“You shall wind that this evening, sir. Well, she came here about three months ago with Captain Croix of the British army, and rumour hath it that he left a wife in England, and that this lady’s right to the royal name of Capet is still unchallenged. The story goes that she was born about eighteen years ago, on a French frigate bound for the West Indies, that her mother died, and that, there being no one else of that royal name on board, the Captain adopted her; but that a baby and a ship being more than he could manage, he presented the baby to a humble friend at Newport, by the name of Thompson, who brought her up virtuously, but without eradicating the spirit of the age, and one fine day she disappeared with Colonel Croix, and after a honeymoon which may have been spent in the neighbourhood of any church between here and Rhode Island, or of none, they arrived in New York, and took the finest lodgings in town. I suppose Dr. Franklin was a friend of her humble guardian, he is so philanthropic, and that he is willing to take my lady’s word that all is well—and perhaps it is. I feel myself quite vicious in repeating the vaguest sort of gossip—active, though. Who knows, if she had worn a wig, or an inch of powder, and employed the accepted architect for her tower, she would have passed without question? Another pillar for my argument, sir.”
“As it is, you are even willing to believe that she is a daughter of the house of France,” said Hamilton, with a hearty laugh. “Would that the world were as easily persuaded of what is good for it as of what tickles its pettiness. Shall you ask this daughter of the Capets to the house?”
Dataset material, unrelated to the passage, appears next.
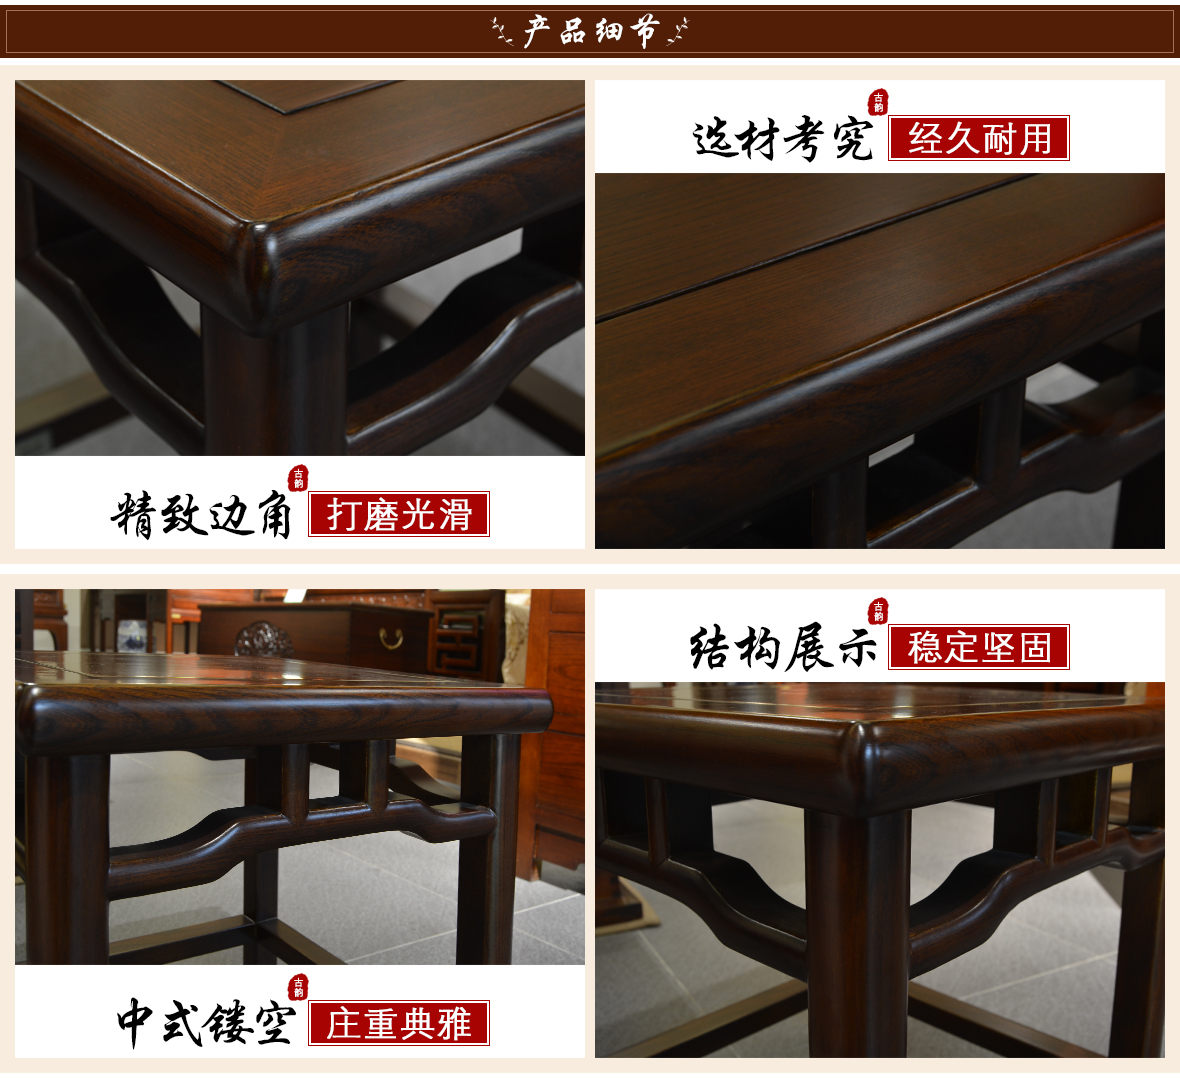 祥华坊家具 XJD-YD01113型号碧月梳妆凳 中式古典实木家具 细节展示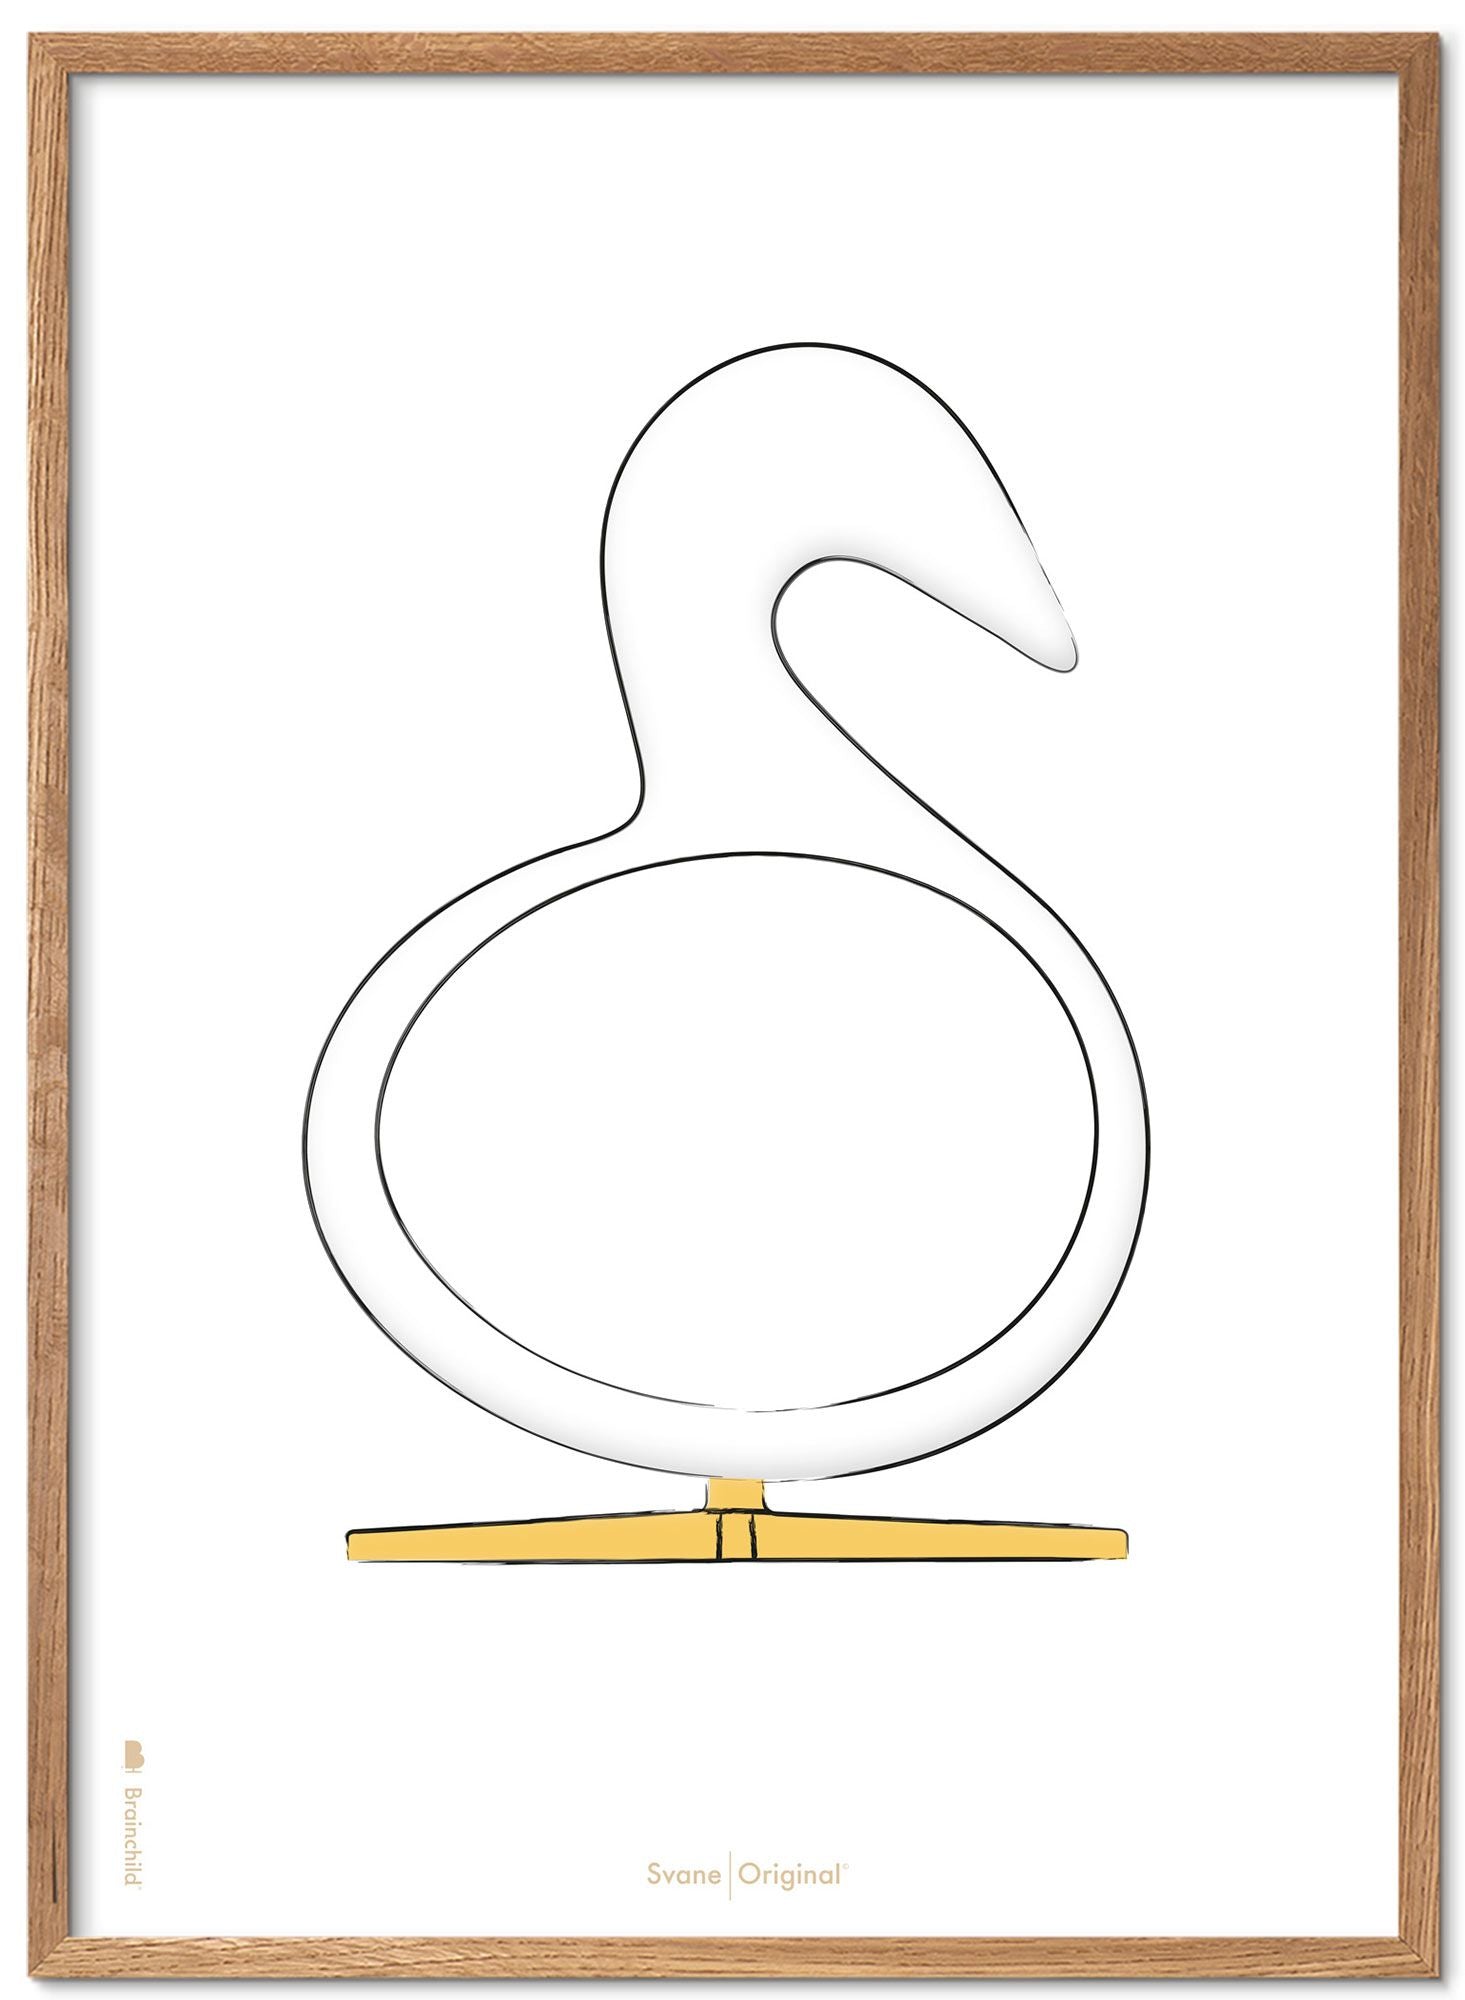 Brainchild Cygne design sketch poster cadre en bois léger 70x100 cm sur fond blanc

“I have not made up my mind,” said Mrs. Hamilton, demurely.
The two older children, Philip and Angelica, came tumbling into the room, and Hamilton romped with them for a half-hour, then flung them upon their mother, and watched them from the hearth rug. Betsey was lovely with her children, who were beautiful little creatures, and Hamilton was always arranging them in groups. The boy and girl pulled down her hair with the yellow wool, until all her diminutive figure and all her face, but its roguish black eyes, were extinguished; and Hamilton forgot the country.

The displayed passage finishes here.